Danwei Picks: 2007-11-28

Danwei Picks is a daily digest of the “From the Web” links found on the Danwei homepage. A feed for the links as they are posted throughout the day is available at Feedsky (in China) or Feedburner (outside China).

Saving face, ordaining bishops: Adam Minter at Shanghai Scrap posts about the maneuvering and clever scheduling that has been going on to keep Beijing and the Vatican from falling out again:

The September ordinations of Papally-approved bishops for Beijing and Guiyang was widely assumed to mark an improvement in the ongoing rapprochement between the Vatican and Beijing. And, to an extent, that interpretation was correct. Not only had the Pope approved the ordinations, but so had the government-run Chinese Catholic Bishops Conference. But all was not well, either. Faithful in both dioceses were upset by the attendance of Ma Yinglin, the illicitly ordained (in 2006, without Papal approval) bishop of Kunming. Though nobody was saying so publicly, many interpreted Ma’s presence as a not-so-subtle signal that the Chinese religious authorities were not yet so willing to loosen their control over Chinese Catholic life and – at the same time – a direct signal that the new bishops would be loyal to Beijing before Rome.

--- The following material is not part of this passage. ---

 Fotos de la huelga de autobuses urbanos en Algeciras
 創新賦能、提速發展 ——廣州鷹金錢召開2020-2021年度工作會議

Then, last week, came news that three additional bishops had received approval from the Chinese Bishops Conference to be ordained in Guangzhou, Yichang, and Ningxia, respectively.

Fighting off the wolves: Zhu Linyong of the China Daily talks to Liu Zhenyun about his new novel, I Am Liu Yuejin:

Chef Liu is a mild-natured migrant worker who is tortured by his broken marriage. The chef tries every means to safeguard his own interests. He is smart but powerless.

In his search for his lost bag of money, Liu Yuejin breaks promises, playing a deadly game with dangerous enemies, including a real estate tycoon, corrupted officials, the mafia, vendors, prostitutes, private eyes, and subcontractors.

"Life looks smooth and perfect. However, when looking underneath, one may find holes, cracks and misfit joints. I intend to do a justice to the incongruity of life in my stories," explains Liu who prefers to call all his novels "comedies" instead of "tragedies or tragic-comedies".

"For centuries, playwrights, writers, and scriptwriters are fond of writing about tragedies. But in my eyes, all tragedies are comedies," says Liu.

The end of the golden age of blogs in China: Ethan Zuckerman writes about Michael Anti’s presentation about Chinese blogs as part of a Berkman talk:

…since 2006, most of the interesting and dissenting news is coming from chat rooms. 2004 and 2005, he tells us, were the "golden years" for the Chinese blogosphere….and they’re over now…. the Chinese internet has gone "back to the old years", and chat rooms have returned to importance. Chatrooms have existed in China since 1998, and they’re popular venues for spreading "sharp news"…. "We’re making social change using web 1.0, not using web 2.0."

Web 2.0 is associated with democratization and decentralization in the US and Europe. These tools make it possible for people to have a voice, and for online voices to become powerful in an offline space. "But this can only happen in democratic countries," he argues. In China, the problem with these tools is that they’re centralized, living on a single server. Block wordpress.com and you block millions of voices; blog twitter.com and you block the entire service. They’re easy to control via firewalls and government centralized control.

But email and chatrooms aren’t as centralized. There are chatrooms on thousands of servers, and it’s hard for the government to block every chatroom overseas. It’s easy to blog webmail, but people who use POP mail are difficult to block and prevent from talking about sensitive topics. Oddly enough, GMail remains unblocked in China – Anti believes it’s because so many government officials and businessmen use it, and it would be difficult to block it without negative implications for powerful people.

"We don’t need new media theory to explain blogs in China: blogs are old media," Anti argues. "We had no media before 1996 – we had propoganda." In propoganda, the party speaks to you – it’s exclusively one-way communication. The internet introduces the idea of bi-directional media, and creates media as we understand it for the first time in China in 1996.

More information from David Weinberger.

China should forgive American debt: Josh at Cup of Cha makes the case for debt forgiveness:

China needs to look into its heart, and its soul, and forgive American debt. For too long the US has been held hostage to foreign debt collectors, and quite frankly, it’s weighing the country down. At this point it seems petty for China even to ask for its money back. What’s 900 billion dollars among strategic allies?

Sarko in Beijing, China offers $15 billion deal for Airbus: The Wall Street Journal reports:

A tentative agreement for China to buy Airbus jetliners valued at $15 billion topped about $30 billion of contract signings for French companies overseen by President Nicolas Sarkozy during his first state visit to the country, but the raft of deals barely papered over widening currency-policy differences between the powers.

Mr. Sarkozy yesterday urged Beijing to let the yuan rise against the euro as tension grows in Europe over the euro’s strength against the Chinese currency. The European Union is China’s top trading partner.